[Dataset entries]
——
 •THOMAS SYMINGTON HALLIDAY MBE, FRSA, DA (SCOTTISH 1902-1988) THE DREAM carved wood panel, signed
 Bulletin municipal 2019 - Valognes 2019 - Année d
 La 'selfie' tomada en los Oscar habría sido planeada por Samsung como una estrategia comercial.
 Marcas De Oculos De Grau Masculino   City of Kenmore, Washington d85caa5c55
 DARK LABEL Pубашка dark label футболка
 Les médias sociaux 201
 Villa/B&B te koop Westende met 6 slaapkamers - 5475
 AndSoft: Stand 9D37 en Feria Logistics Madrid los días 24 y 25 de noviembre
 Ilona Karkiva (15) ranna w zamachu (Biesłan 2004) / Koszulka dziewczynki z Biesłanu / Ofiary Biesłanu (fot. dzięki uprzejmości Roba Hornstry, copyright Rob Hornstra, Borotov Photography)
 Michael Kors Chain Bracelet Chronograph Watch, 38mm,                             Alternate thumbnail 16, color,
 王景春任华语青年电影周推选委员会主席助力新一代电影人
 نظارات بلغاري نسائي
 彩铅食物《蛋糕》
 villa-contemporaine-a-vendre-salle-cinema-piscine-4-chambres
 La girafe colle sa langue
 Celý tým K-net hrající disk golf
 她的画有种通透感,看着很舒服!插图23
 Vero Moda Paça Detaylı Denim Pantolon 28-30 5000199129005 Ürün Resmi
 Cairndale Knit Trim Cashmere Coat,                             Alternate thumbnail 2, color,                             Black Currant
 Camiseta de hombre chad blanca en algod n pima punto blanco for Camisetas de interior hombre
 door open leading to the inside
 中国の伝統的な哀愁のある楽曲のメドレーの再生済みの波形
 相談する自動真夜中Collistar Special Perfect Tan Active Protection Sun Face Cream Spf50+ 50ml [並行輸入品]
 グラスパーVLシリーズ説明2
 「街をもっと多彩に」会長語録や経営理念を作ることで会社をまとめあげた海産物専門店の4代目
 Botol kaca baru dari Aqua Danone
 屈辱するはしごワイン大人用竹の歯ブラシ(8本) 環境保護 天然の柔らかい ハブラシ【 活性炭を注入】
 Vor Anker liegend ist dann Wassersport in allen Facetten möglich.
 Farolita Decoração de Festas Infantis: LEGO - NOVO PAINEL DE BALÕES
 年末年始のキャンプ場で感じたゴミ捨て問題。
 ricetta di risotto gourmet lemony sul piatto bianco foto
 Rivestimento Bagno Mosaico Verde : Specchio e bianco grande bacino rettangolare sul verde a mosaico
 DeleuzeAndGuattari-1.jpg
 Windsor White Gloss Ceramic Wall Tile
——
REQUIRED ACTION = Write out only what runs from the line holding "DeleuzeAndGuattari-1.jpg" through the last line of the records, exactly as shown.

EXPECTED ANSWER =
 DeleuzeAndGuattari-1.jpg
 Windsor White Gloss Ceramic Wall Tile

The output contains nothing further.